🤖 AI Summary
This work addresses the problem of monotonic alignment between parallel speech documents without textual transcriptions. We propose Speech Vecalign, a method that leverages speech segment embeddings and jointly exploits global and local mining strategies to achieve robust, long-range speech-to-speech alignment—fully unsupervised and text-free.

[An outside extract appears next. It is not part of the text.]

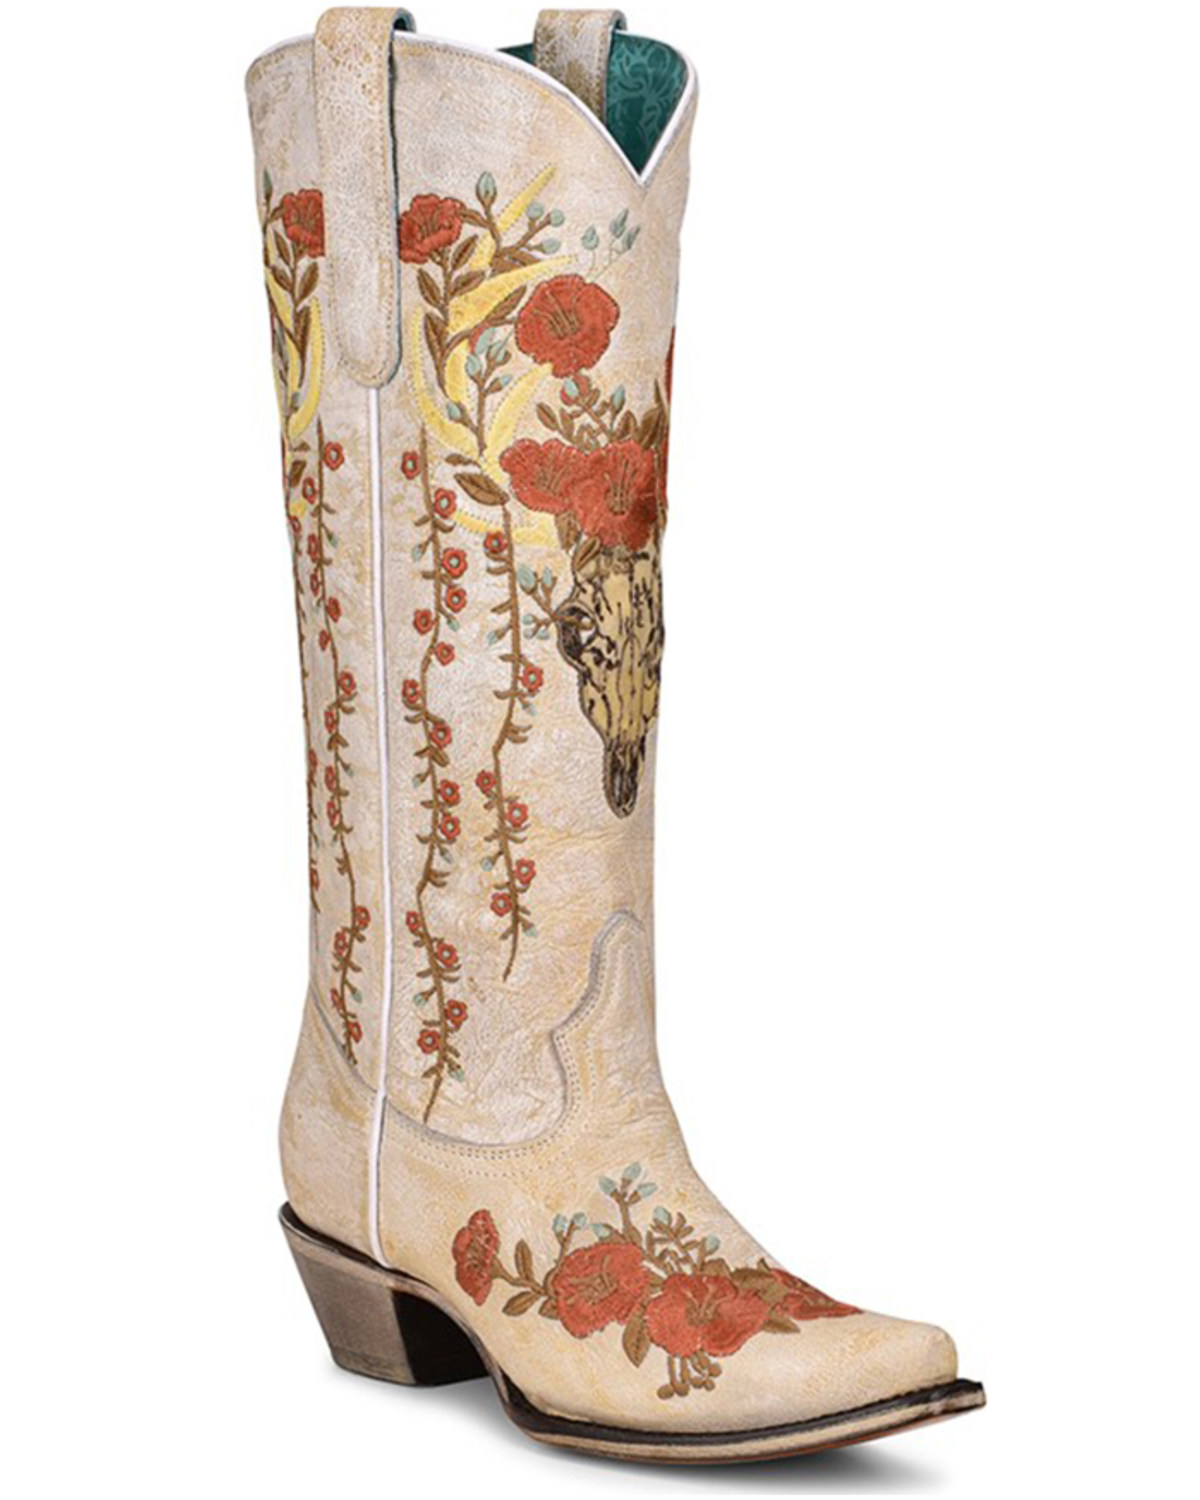 Corral Women's Floral & Deer Embroidered Western Boots - Snip Toe

The approach significantly improves alignment quality and span length while enhancing robustness to noise. Evaluated on 3,000 hours of English–German VoxPopuli speech data, it automatically constructs ~1,000 hours of high-quality parallel speech pairs. Speech translation models trained on this data achieve ASR-BLEU scores 0.37 and 0.18 points higher than baselines, matching the performance of SpeechMatrix despite using only 1/8 of its data volume. Our core contribution is the first high-accuracy, scalable, purely speech-driven monotonic alignment framework—enabling effective zero-text parallel corpus construction for speech translation.
📝 Abstract
We present Speech Vecalign, a parallel speech document alignment method that monotonically aligns speech segment embeddings and does not depend on text transcriptions. Compared to the baseline method Global Mining, a variant of speech mining, Speech Vecalign produces longer speech-to-speech alignments. It also demonstrates greater robustness than Local Mining, another speech mining variant, as it produces less noise. We applied Speech Vecalign to 3,000 hours of unlabeled parallel English-German (En-De) speech documents from VoxPopuli, yielding about 1,000 hours of high-quality alignments. We then trained En-De speech-to-speech translation models on the aligned data. Speech Vecalign improves the En-to-De and De-to-En performance over Global Mining by 0.37 and 0.18 ASR-BLEU, respectively. Moreover, our models match or outperform SpeechMatrix model performance, despite using 8 times fewer raw speech documents.